## [YOUR TASK]
Leave out the pictures, and retype the remaining data exactly.

## [SOURCE MATERIAL]
-*-*-

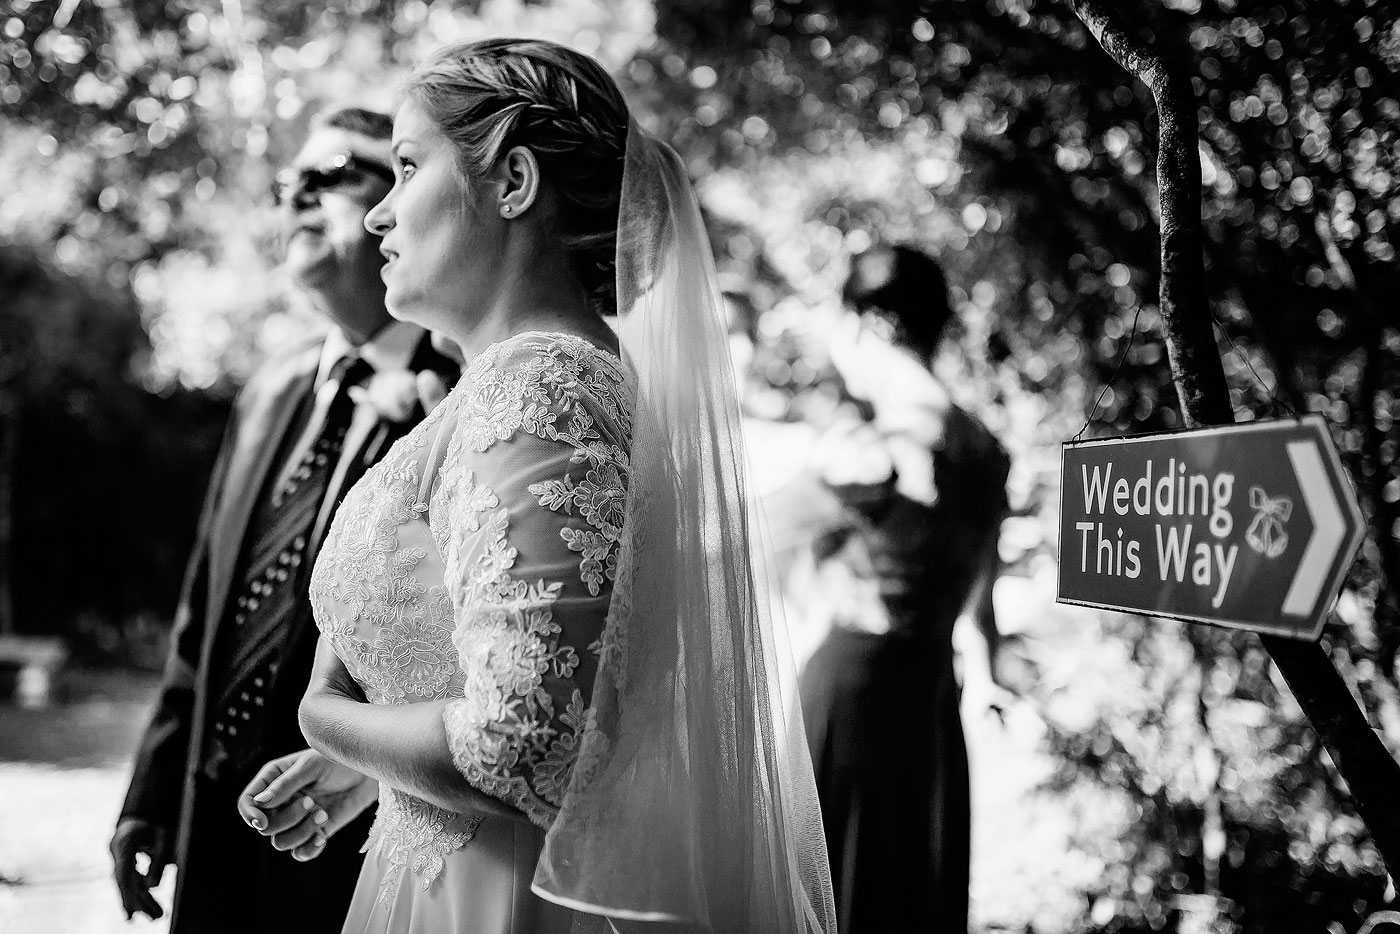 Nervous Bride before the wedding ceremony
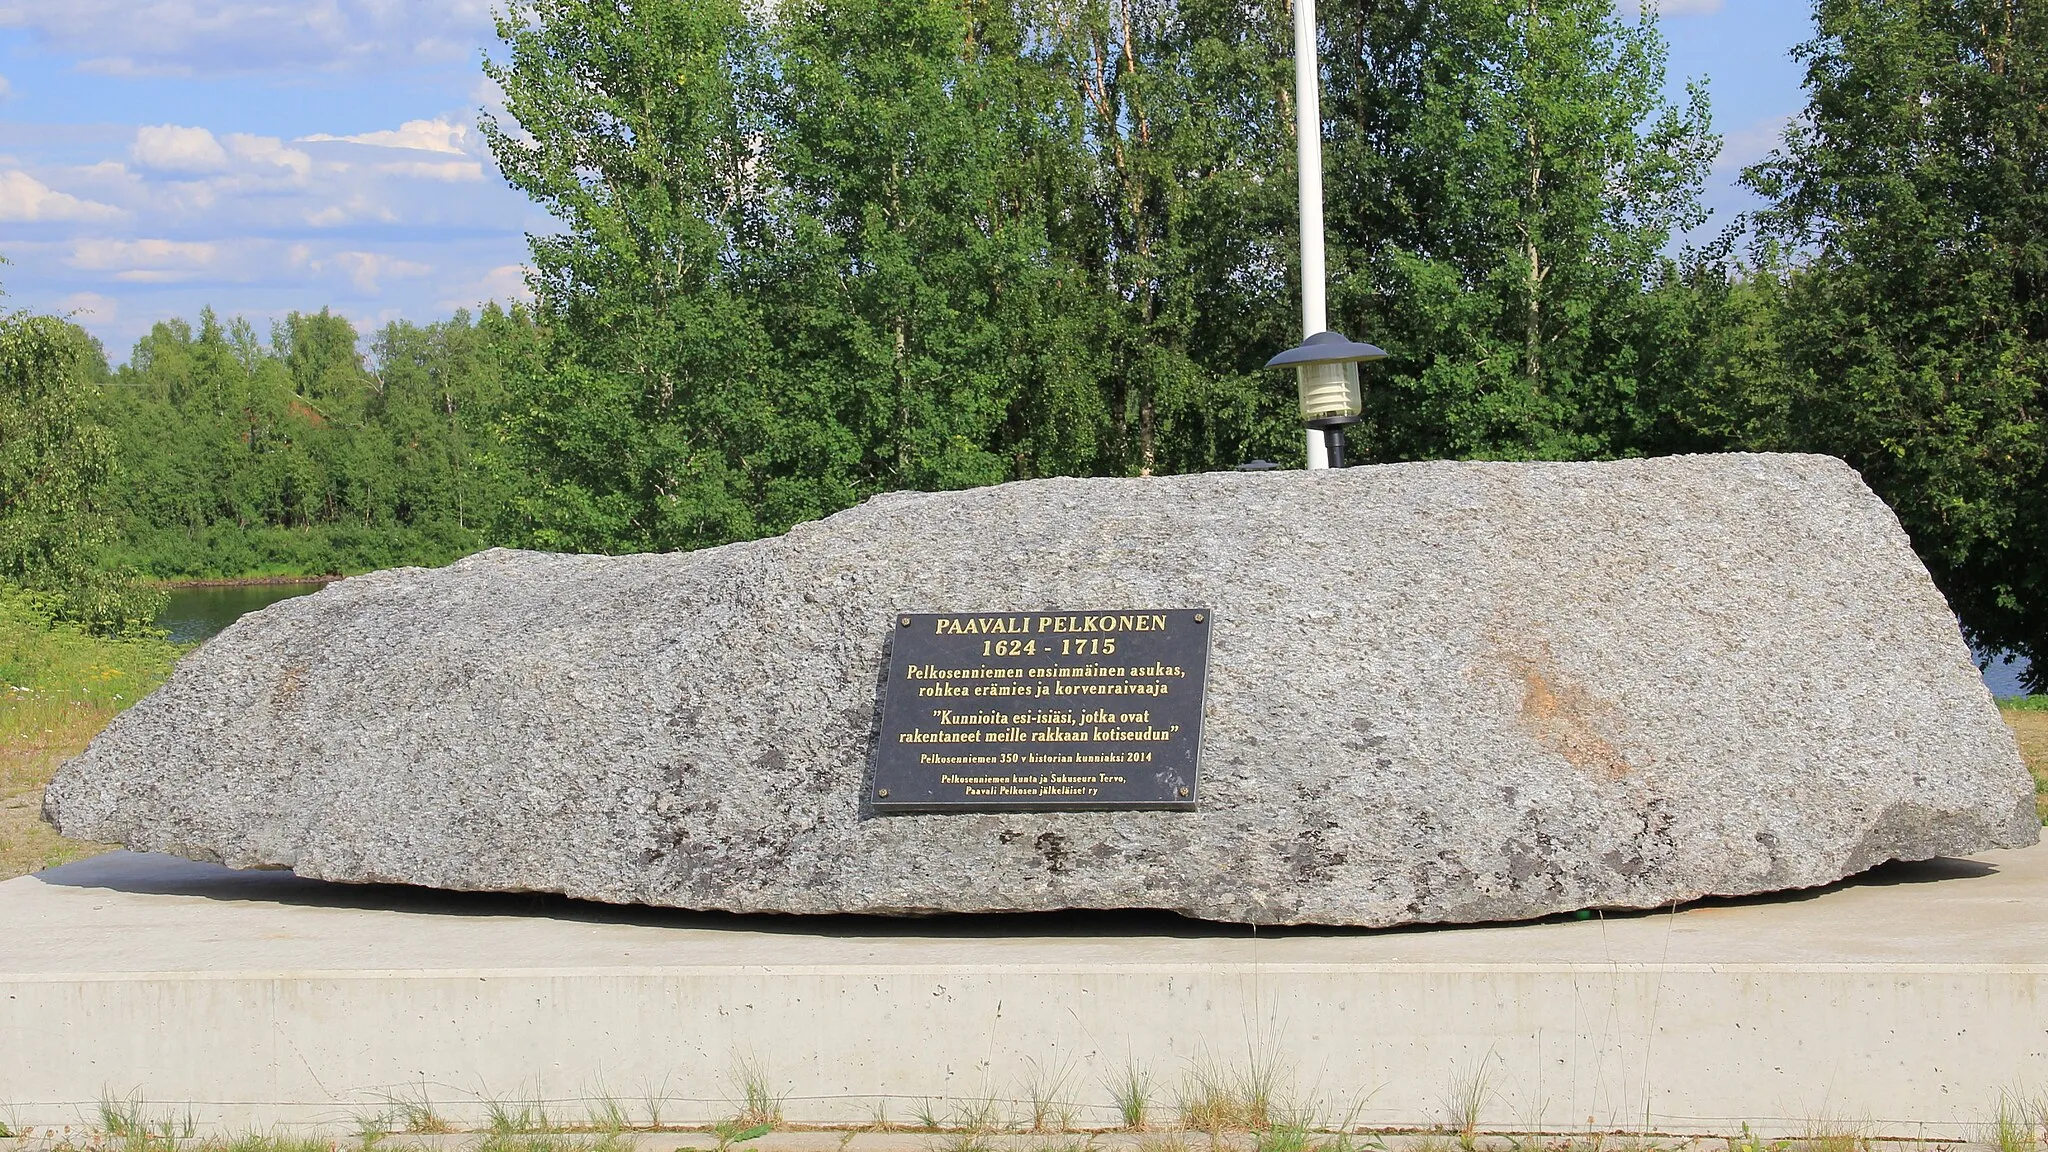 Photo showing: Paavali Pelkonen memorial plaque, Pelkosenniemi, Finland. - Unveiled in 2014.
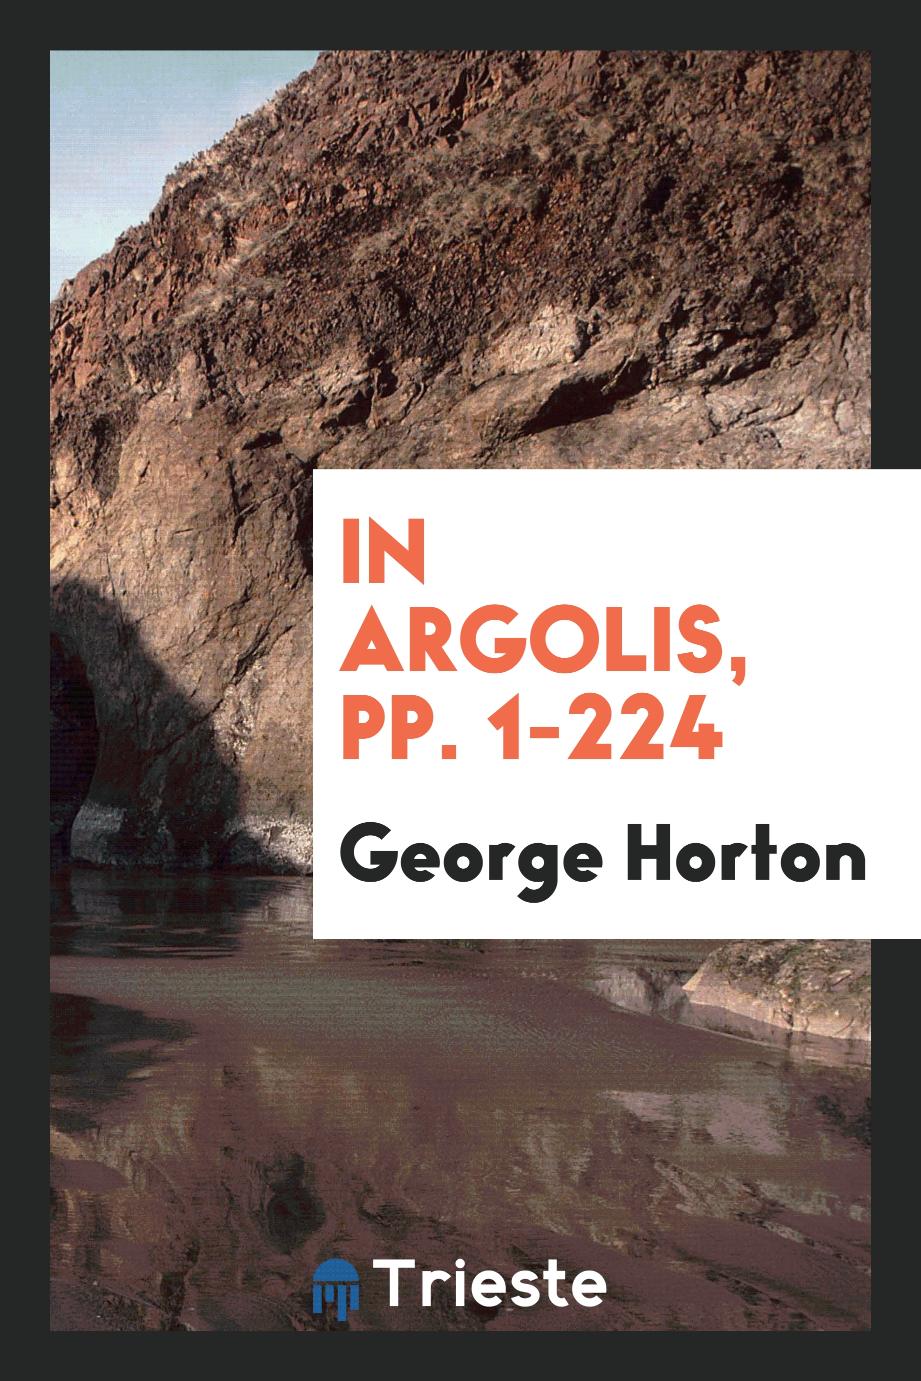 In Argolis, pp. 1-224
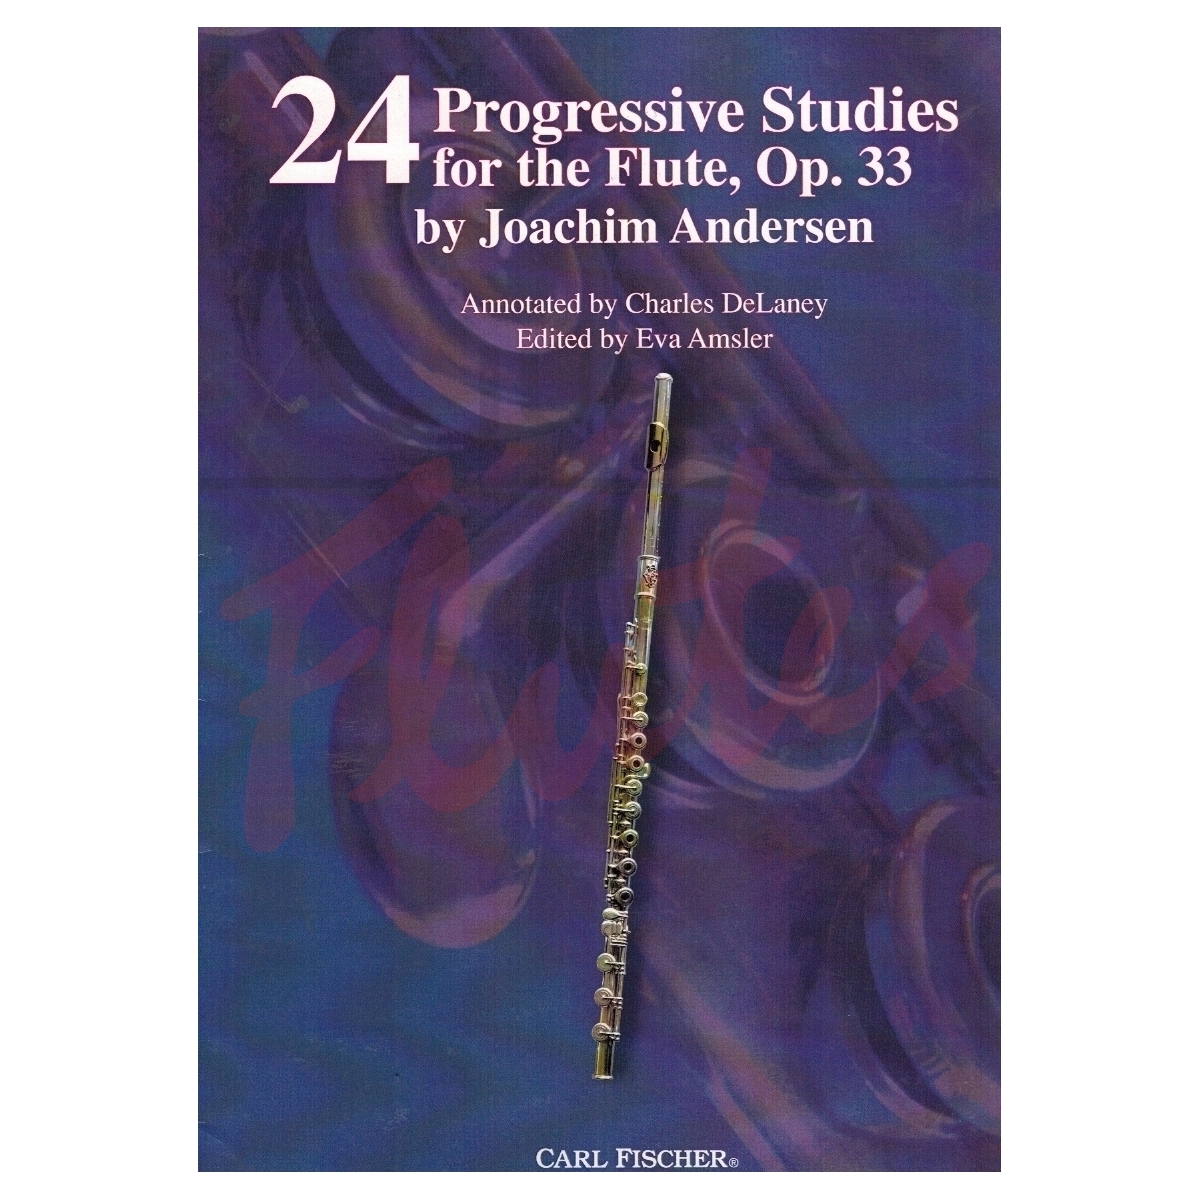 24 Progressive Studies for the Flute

-*-*-

## [TASK ANSWER]
 Nervous Bride before the wedding ceremony
 Photo showing: Paavali Pelkonen memorial plaque, Pelkosenniemi, Finland. - Unveiled in 2014.
 In Argolis, pp. 1-224
 24 Progressive Studies for the Flute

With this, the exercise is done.